**WHAT YOU WILL DO:**
Begin your copy at the line with "WASHINGTON, DC - African" in the records below and end it at the line with "8848.86米，珠峰高度为啥要重新测量？", restating each line word for word; omit the pictures.

--- AVAILABLE RECORDS ---

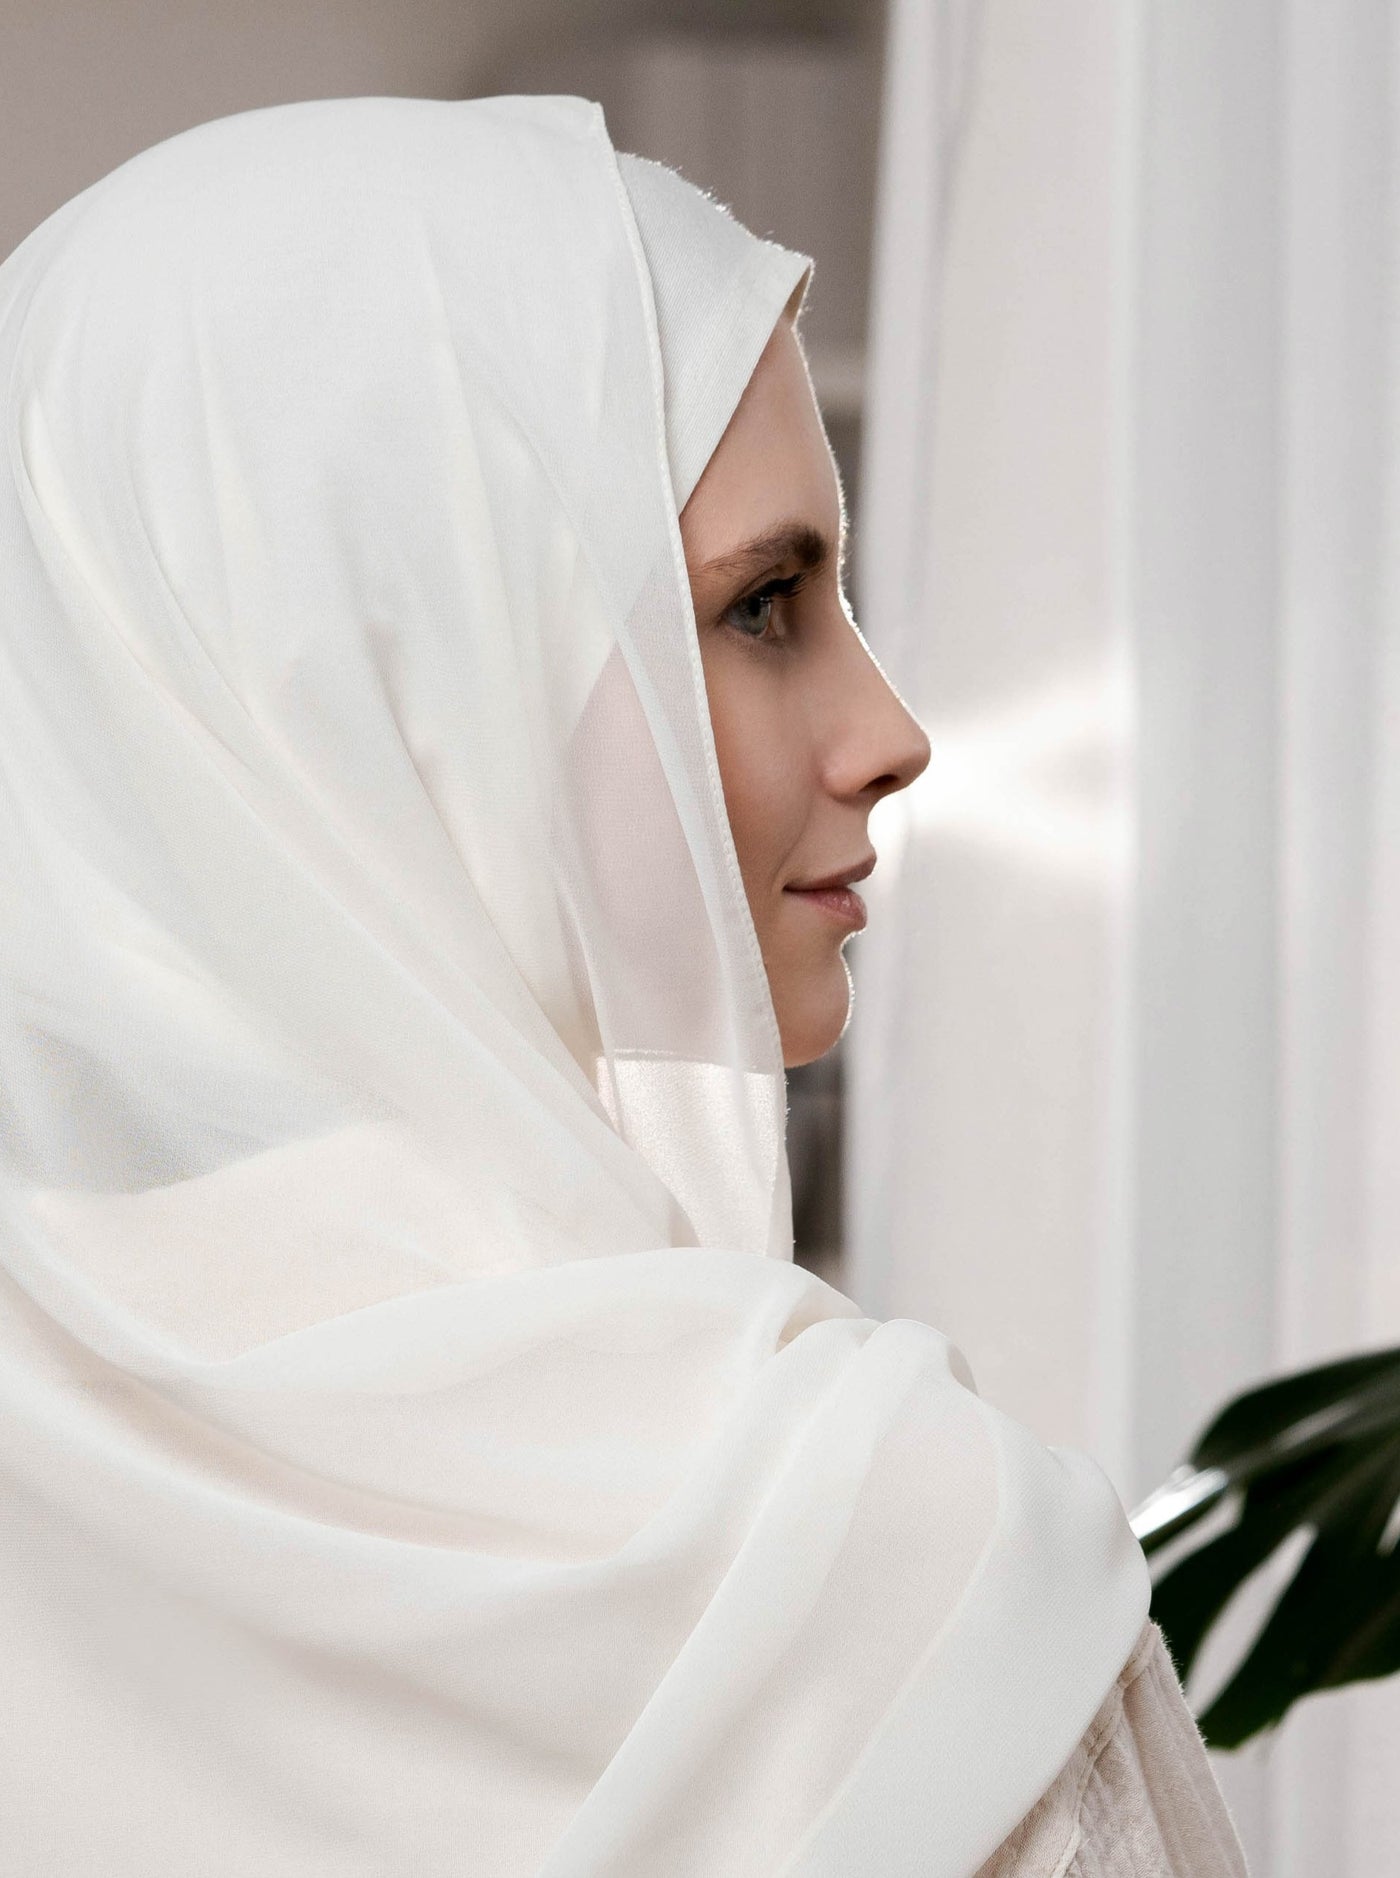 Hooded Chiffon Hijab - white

---
--- AVAILABLE RECORDS ---

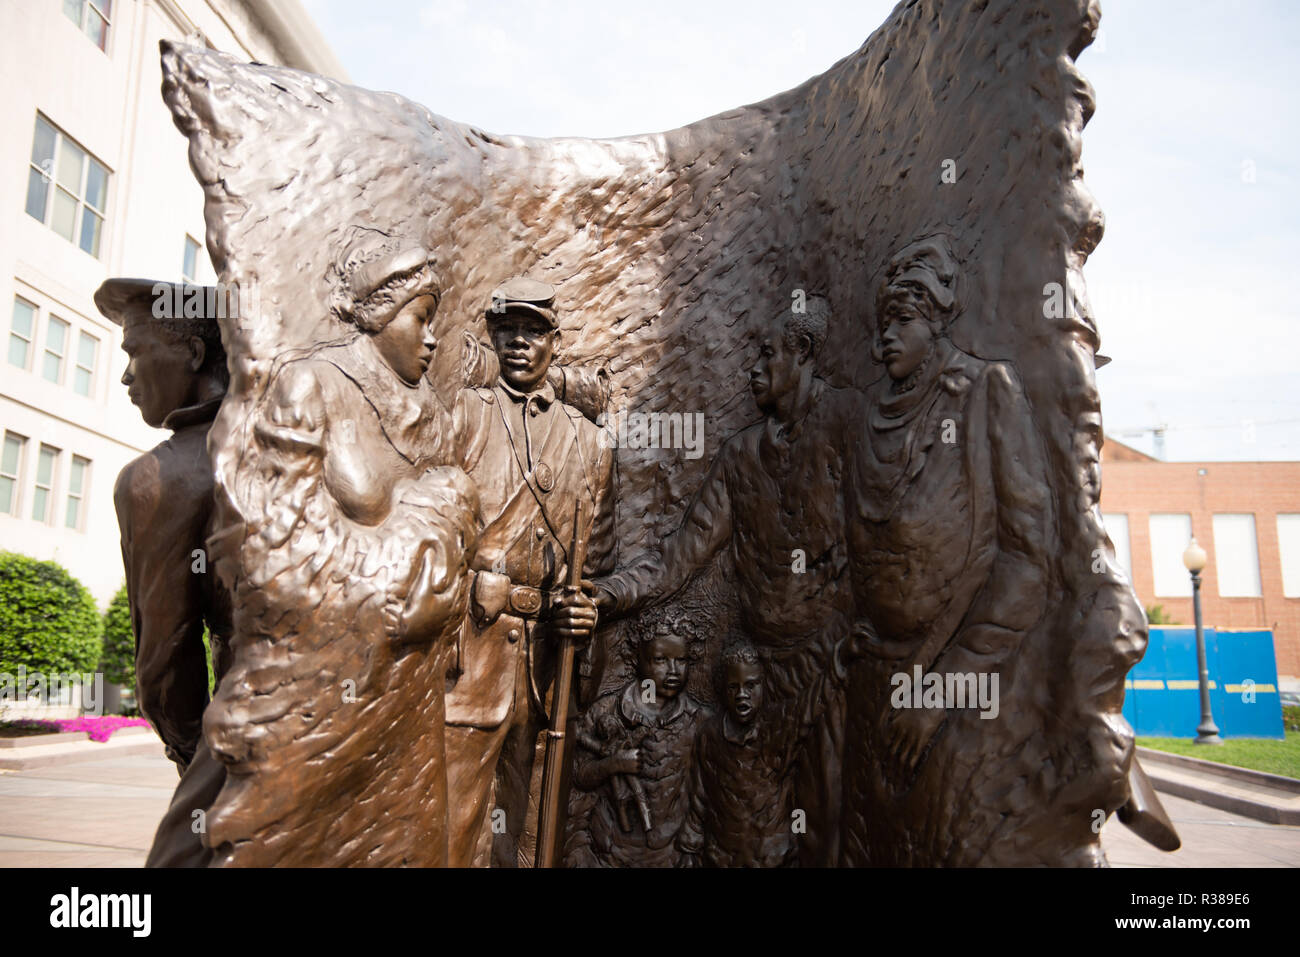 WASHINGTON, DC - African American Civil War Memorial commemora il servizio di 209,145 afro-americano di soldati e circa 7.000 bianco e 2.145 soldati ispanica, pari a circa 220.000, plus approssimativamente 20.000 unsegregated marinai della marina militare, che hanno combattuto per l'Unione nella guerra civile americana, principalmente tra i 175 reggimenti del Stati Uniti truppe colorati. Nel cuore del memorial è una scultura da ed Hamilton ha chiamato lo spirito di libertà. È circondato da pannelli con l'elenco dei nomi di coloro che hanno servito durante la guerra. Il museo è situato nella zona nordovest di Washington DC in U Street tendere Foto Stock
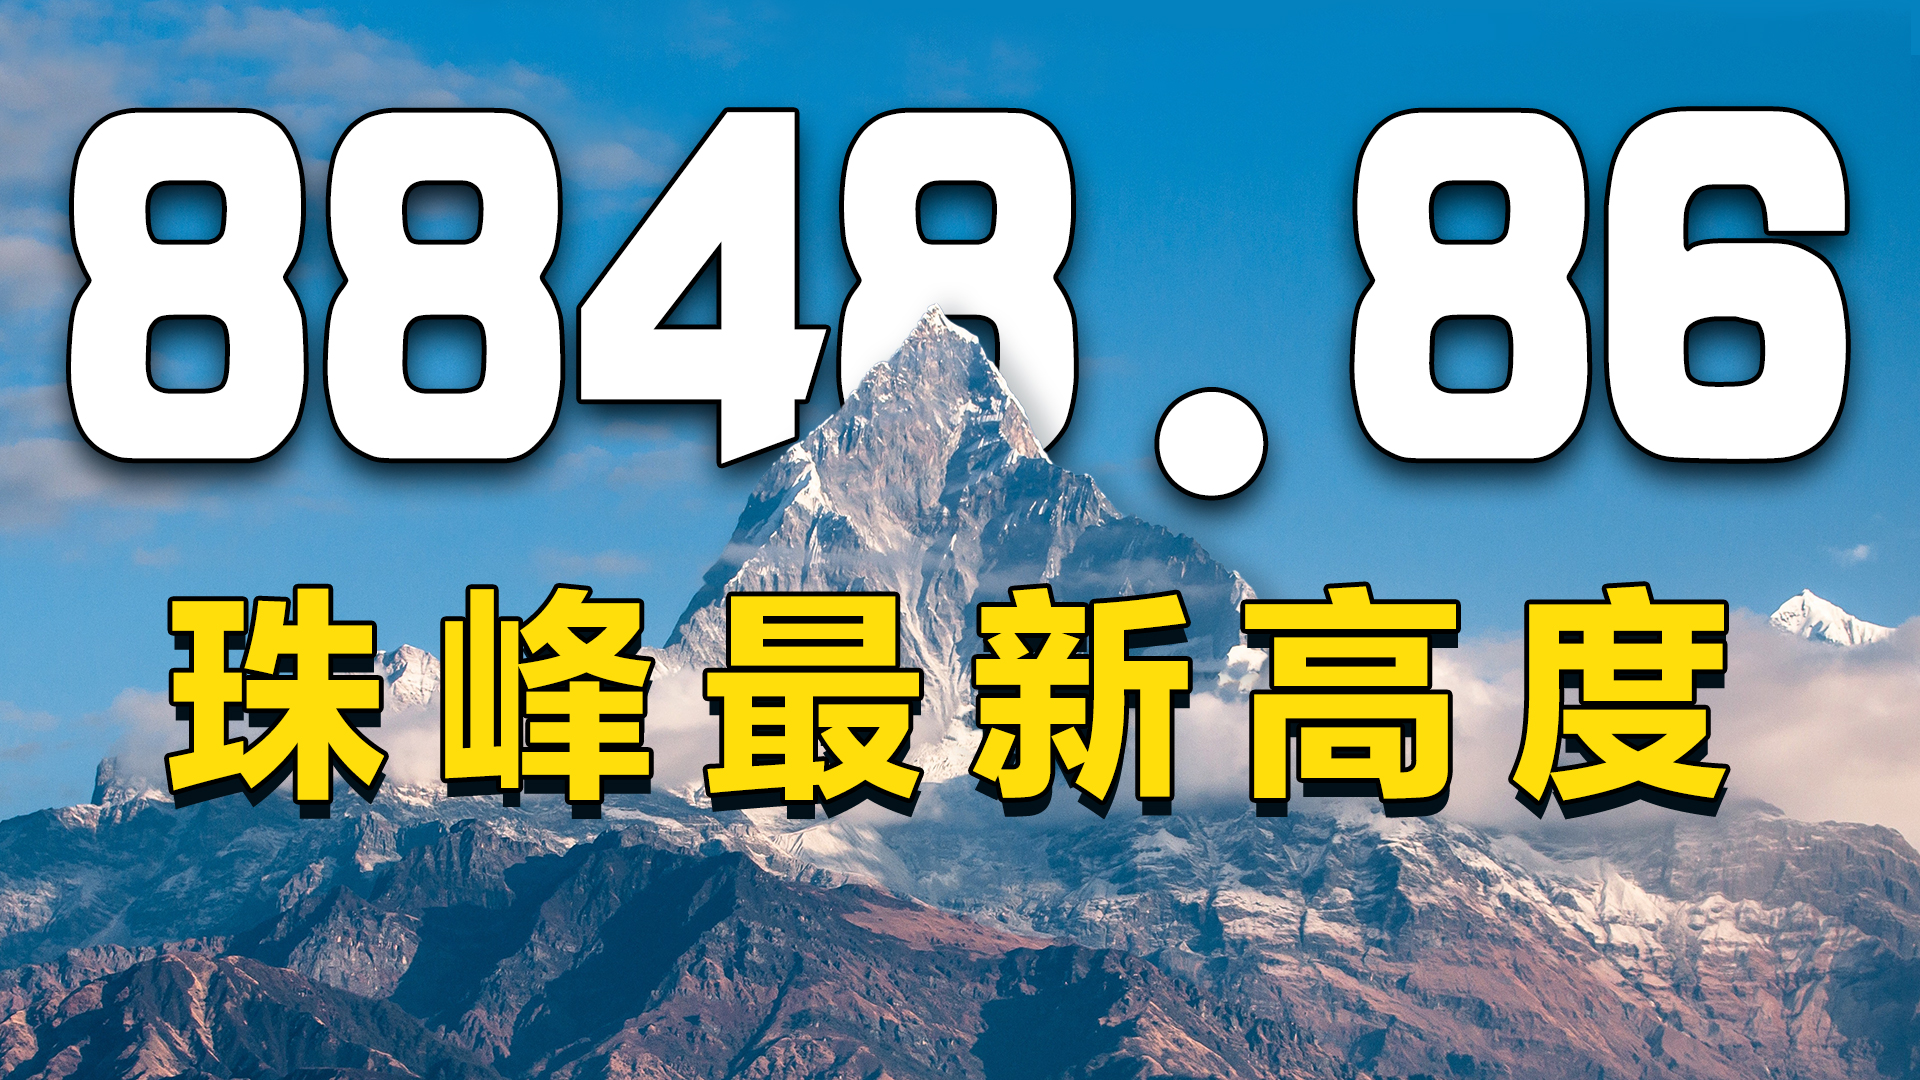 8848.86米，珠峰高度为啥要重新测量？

---
--- AVAILABLE RECORDS ---

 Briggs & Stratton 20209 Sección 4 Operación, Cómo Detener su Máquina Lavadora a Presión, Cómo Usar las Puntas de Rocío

---

**EXERCISE SOLUTION:**
 WASHINGTON, DC - African American Civil War Memorial commemora il servizio di 209,145 afro-americano di soldati e circa 7.000 bianco e 2.145 soldati ispanica, pari a circa 220.000, plus approssimativamente 20.000 unsegregated marinai della marina militare, che hanno combattuto per l'Unione nella guerra civile americana, principalmente tra i 175 reggimenti del Stati Uniti truppe colorati. Nel cuore del memorial è una scultura da ed Hamilton ha chiamato lo spirito di libertà. È circondato da pannelli con l'elenco dei nomi di coloro che hanno servito durante la guerra. Il museo è situato nella zona nordovest di Washington DC in U Street tendere Foto Stock
 8848.86米，珠峰高度为啥要重新测量？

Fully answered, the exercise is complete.